- Poster
- Directed by: David Dhawan
- Screenplay by: K. Bhagyaraj Anees Bazmee (Dialogues)
- Based on: Rasukutty (Tamil) by K. Bhagyaraj
- Produced by: Nandu G. Tolani
- Starring: Govinda Karisma Kapoor Shakti Kapoor
- Cinematography: Rajan Kinagi
- Edited by: A. Muthu
- Music by: Anand–Milind
- Distributed by: Sapna Arts
- Release date: 10 January 1994 (India);
- Running time: 161 minutes
- Country: India
- Language: Hindi
- Budget: ₹2.30 crore
- Box office: ₹15.26 crore

= Raja Babu (film) =

1994 Indian Hindi film by David Dhawan

Raja Babu is a 1994 Indian Hindi-language melodrama comedy film directed by David Dhawan. It stars Govinda, Karisma Kapoor, Shakti Kapoor, Kader Khan, Aruna Irani, Prem Chopra and Gulshan Grover, with music by Anand–Milind and lyrics by Sameer. The film was inspired from the 1992 Tamil film Rasukutty. The film was a blockbuster hit.

==Plot==
Raja Singh a.k.a. Raja Babu is the sole heir to a rich village couple. He is good-hearted but is also spoilt, unsophisticated, and uneducated. Lakhan pretends to be an ally of Raja's rich father but is secretly embezzling funds. He also creates problems for Raja and his family.

Raja regularly visits the village photo studio and gets his picture taken, each time wearing a different outfit. He is always accompanied by his sidekick Nandu. He falls for Madhubala "Madhu" when he sees her photograph in the studio.

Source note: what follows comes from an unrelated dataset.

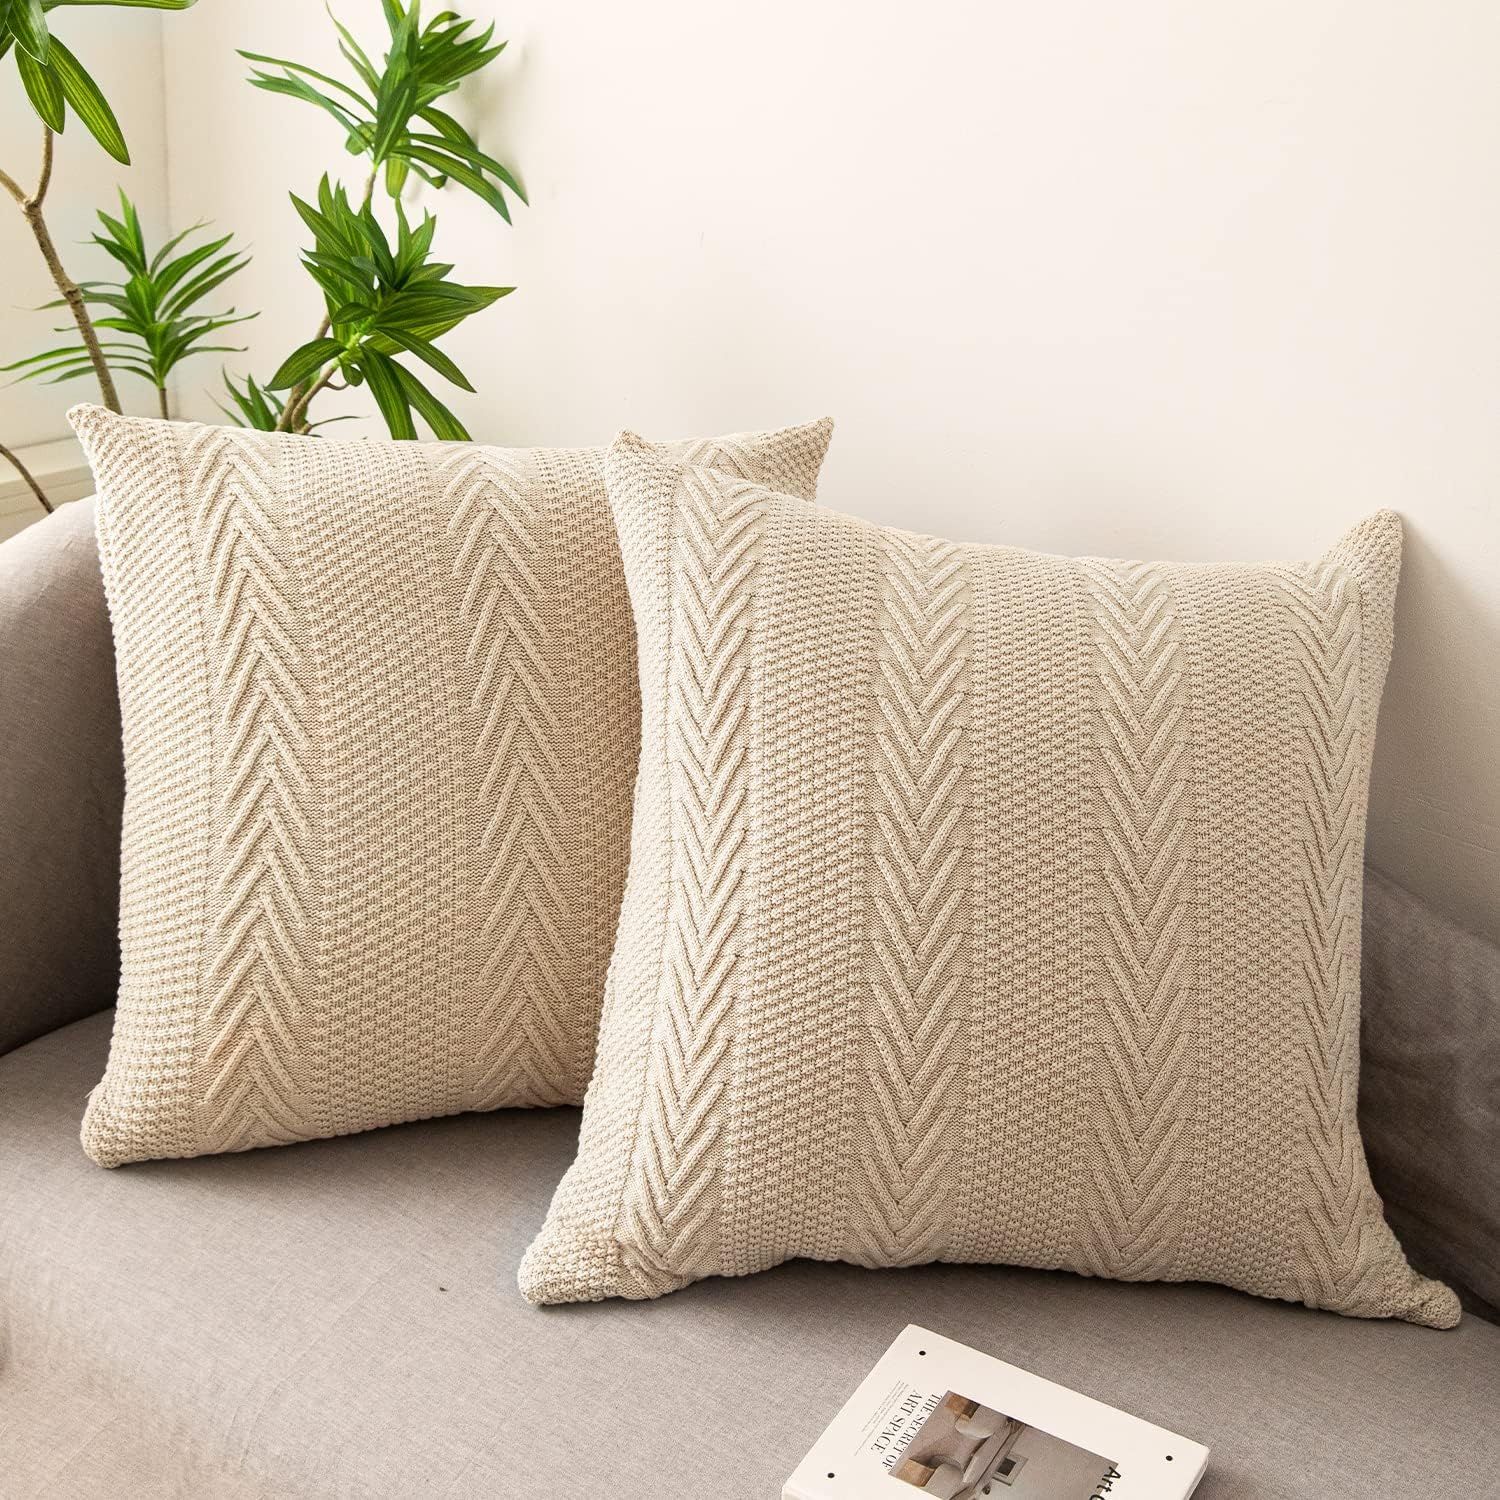 LiBcmlian Beige Knitted Throw Pillow Covers 24x24 Set of 2 Cotton Pillow Cushion Cases Cable Knit... | Amazon (US)

He harasses Madhu so that he can get her attention. Madhu becomes annoyed with Raja's antics and comes to his village with her entourage. In the ensuing confusion they mistake one of Raja's neighbours as Raja, Madhu's entourage kidnaps him and takes him back to their village. Later, Madhu sees one of Raja's photos as a Lawyer and mistakes his costume as the real thing. She agrees to marry him but accidentally finds out that Raja is not only not a lawyer, he is also completely illiterate. Enraged at this perceived duplicity, she rushes to Raja's house, tears up their wedding invitations, and insults Raja's father.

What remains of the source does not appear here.